Welcome to this week's FiercePharmaAsia report, which includes stories about possible Chinese buyers' bids for Johnson & Johnson's diabetes unit, a Novartis and Biocon's biosimilar deal, Keytruda-Lenvima combo's breakthrough designation in kidney cancer and more.
Johnson & Johnson’s diabetes care units LifeScan, Animas and Calibra Medical have reportedly drawn interest from potential buyers in China, including a consortium formed by Sinocare. The Chinese diabetes market is estimated to grow from $6.6 billion in 2016 to $20 billion by 2025 but has been tough for foreign companies to penetrate.
Aiming at riding the “next wave of biosimilar opportunities globally,” Novartis and Biocon have formed a partnership to develop and commercialize biosimilars in immunology and oncology. Sandoz will take North America and most of Europe, while Biocon will take care of the rest of the world. Both companies were early biosimilar players but have also faced issues over manufacturing.
Merck and Eisai’s Keytruda-Lenvima combo has nabbed the FDA’s breakthrough designation as a potential treatment for patients with advanced and/or metastatic kidney cancer. The duo posted overall response rates of 83% in the first-line setting and 50% in second-line in a phase 1b/2 last year. Now, the partners are on a sped-up path to challenge Bristol-Myers Squibb’s Opdivo.
Chinese biotech Innovent Biologics, which has a $1 billion immunotherapy alliance with Eli Lilly, is reportedly considering a $200 million IPO later this year either in Hong Kong or the U.S. An anti-PD-1 included in that deal is under review by China’s FDA. The potential IPO follows a $260 million series D in November and a proposal by Hong Kong Stock Exchange to relax its requirements for listing preprofit biotech companies.

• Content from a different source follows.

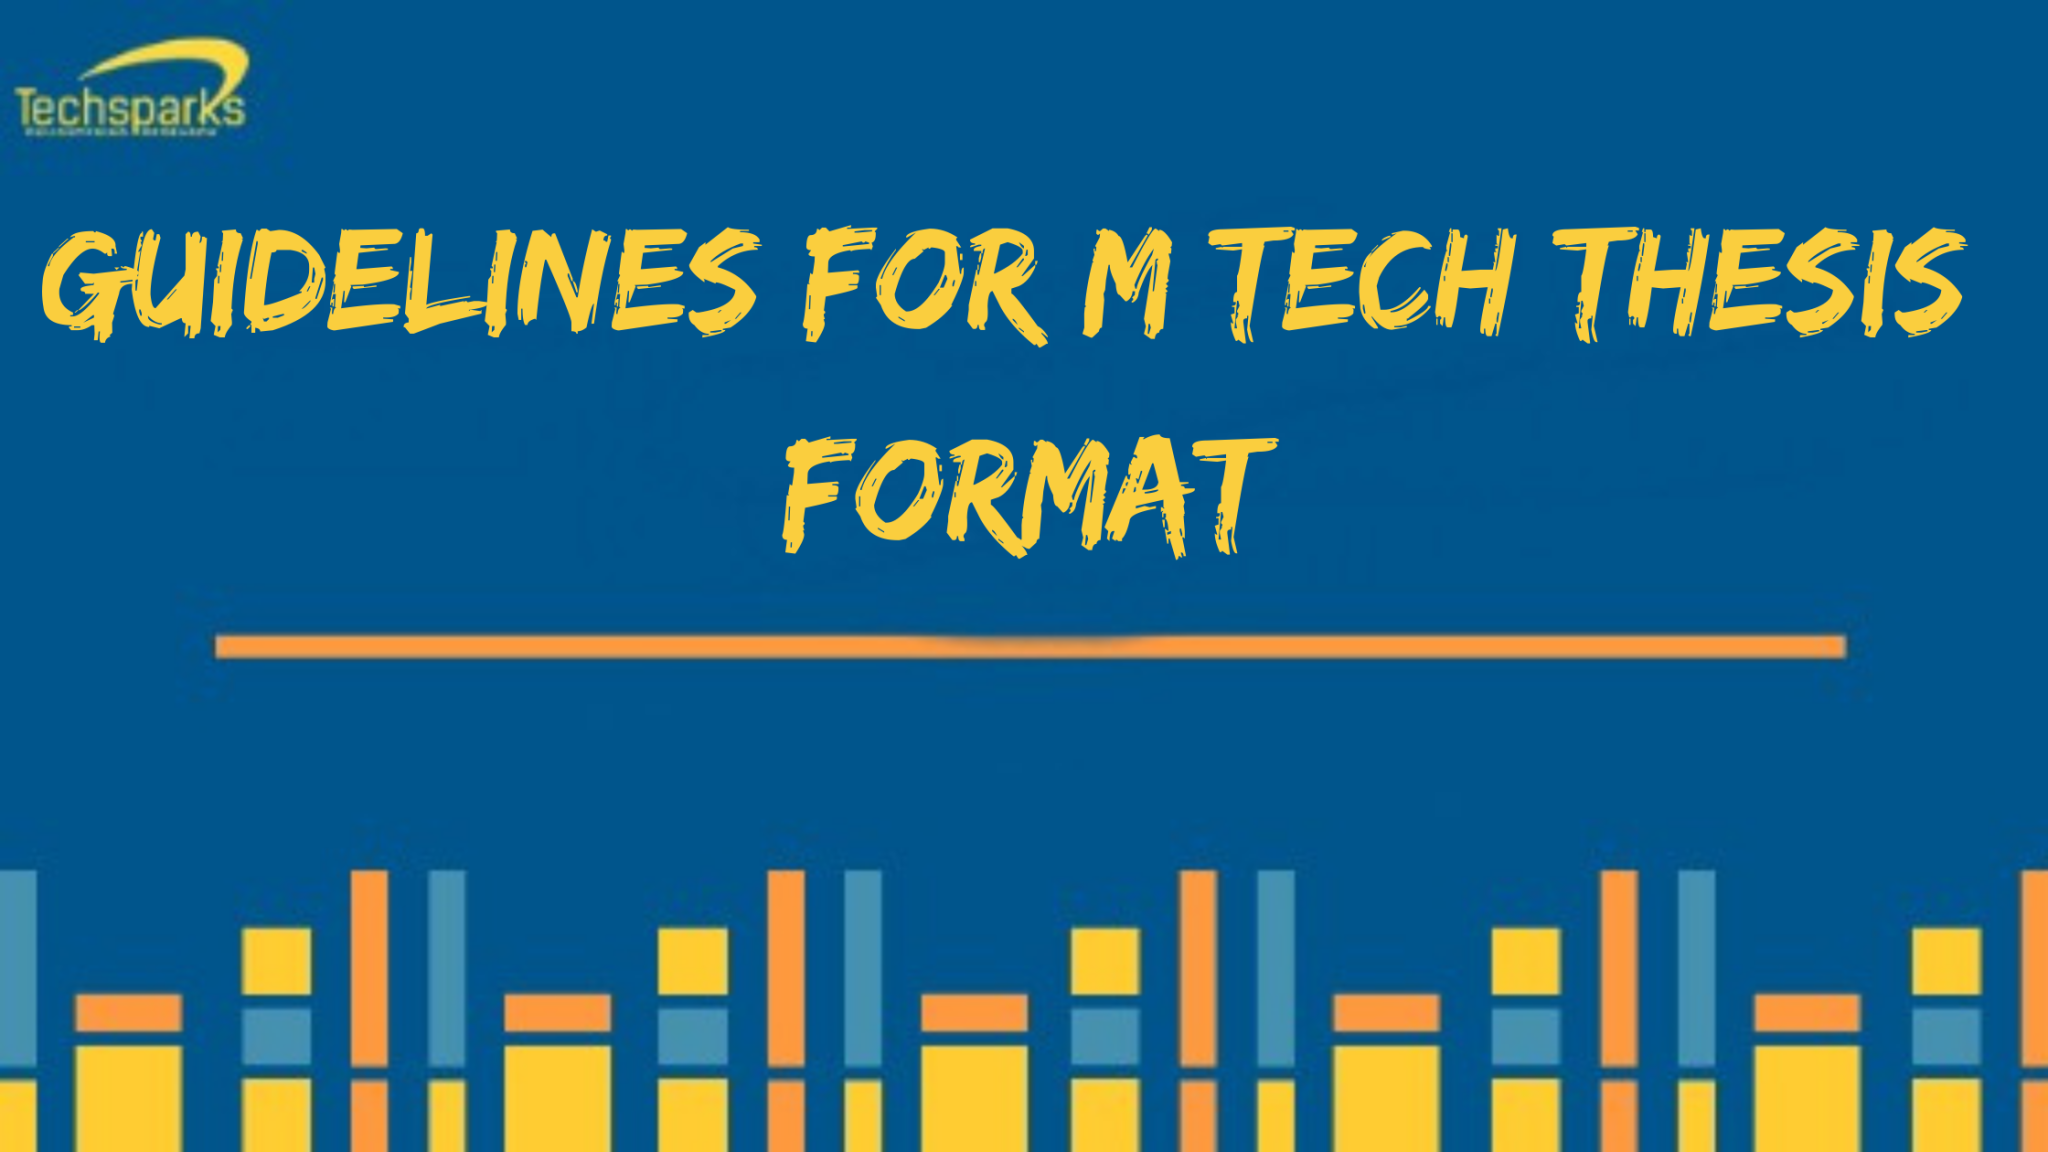 m tech thesis ppt download

Sanofi Pasteur agreed to refund the Philippine government for unused Dengvaxia doses worth about $28 million. The compromise came as initial findings from two separate autopsies on children who died after receiving the dengue vaccine showed compatible patterns of death, including bleeding in vital organs consistent with severe dengue, but no causal link has been established yet.

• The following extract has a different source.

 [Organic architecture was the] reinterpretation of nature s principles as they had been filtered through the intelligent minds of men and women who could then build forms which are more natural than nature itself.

The Indian government has put price caps on certain medical devices, prompting companies like Abbott, Boston Scientific and Medtronic to try to pull products from the market or get the ceiling raised. Statistics suggest that foreign direct investment in the country’s medtech sector has dropped 59% year on year over the first nine months of 2017.
Celltrion Chairman Seo Jeong-jin confirmed that the South Korean drugmaker will build its third plant outside of its home country. The facility’s capacity of 360,000 liters is actually more than twice what it had earlier indicated.

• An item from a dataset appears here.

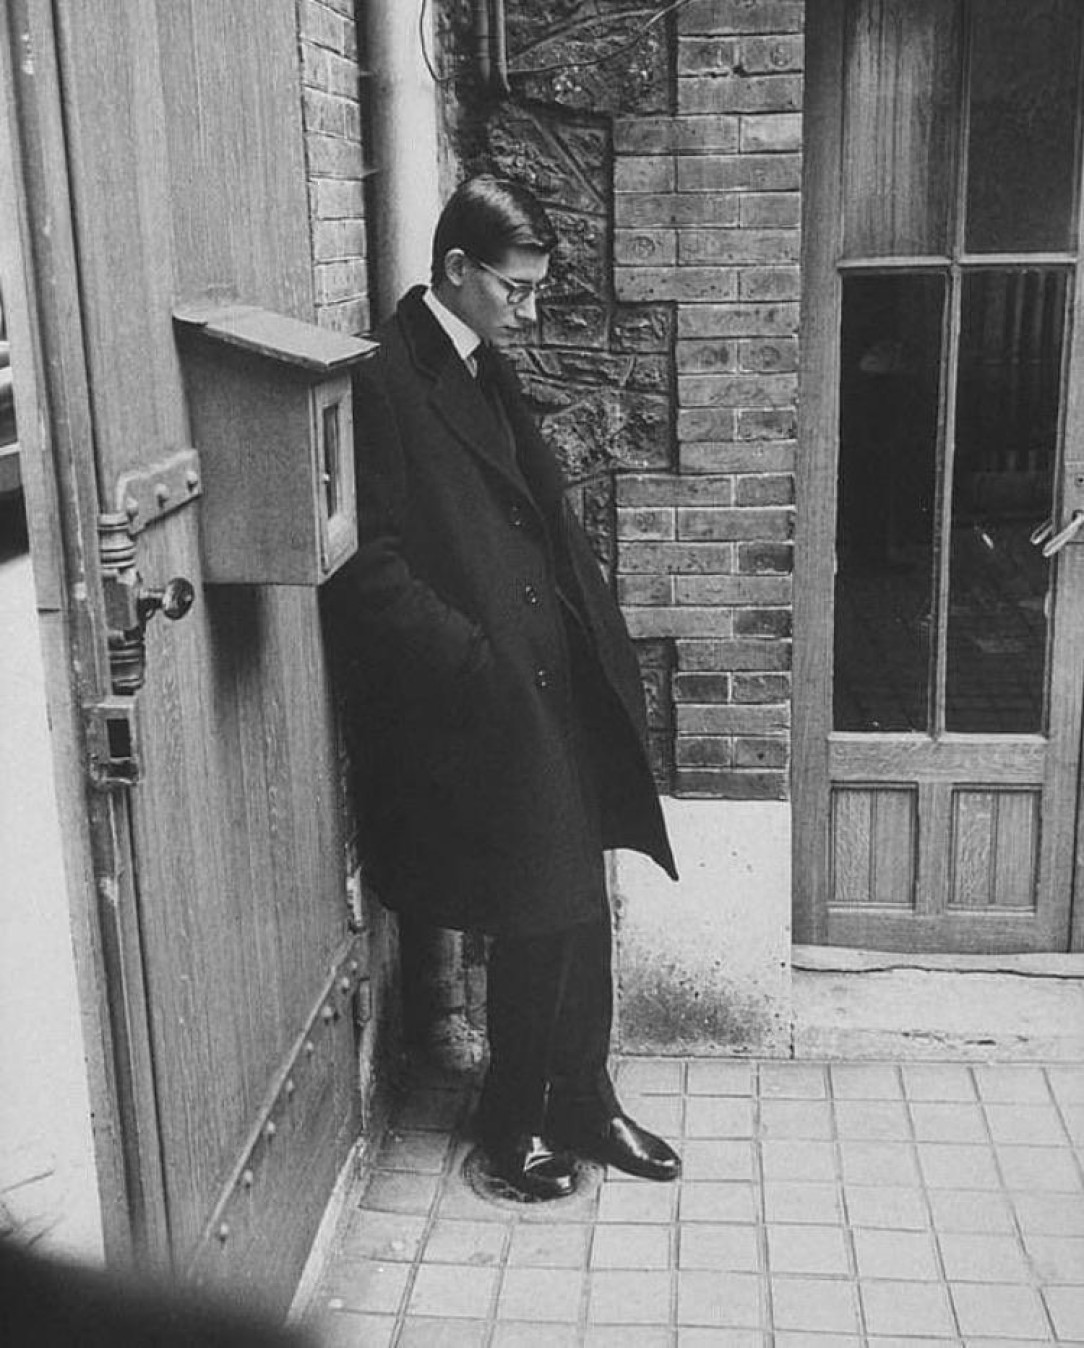 Christian Dior’s successor Yves Saint Laurent standing alone after attending Dior’s funeral, Paris 1957

After Samsung BioLogics CEO Kim Tae-han raised the possibility of a fourth plant during an interview at the J.P. Morgan Healthcare Conference, its shares spiked. But the company soon moved to clarify that a plan is under review but it will depend on the outcomes of Roche and Biogen’s Alzheimer’s clinical trials that are not expected to be complete until 2019.
Medtronic sits with international brands Marriott, Delta and Zara that have been scolded by the Chinese government for listing regions like Taiwan as an independent country. Medtronic soon moved to publish a statement apologizing for “causing misunderstanding among the public.”
The FDA had previously cited three Ipca plants in a warning letter over data manipulations. The Indian company has just paid $9.65 million to acquire Pisgah Labs, an API maker based in North Calrolina that Ipca said would complement the operations of its Onyx Scientific unit in the U.K.
Honda has picked up a CE mark for its walking assistance device designed to help people who had suffered from conditions that affect mobility. The clearance follows almost 20 years of work by the car manufacturer to get the exoskeleton-style device ready for widespread use.
A recent inspection by Belgium authorities found one critical and eight major deficiencies at Inner Mongolia Changsheng Pharmaceutical. That led to the European Medicines Agency’s decision to block the amoxicillin trihydrate API produced by the company.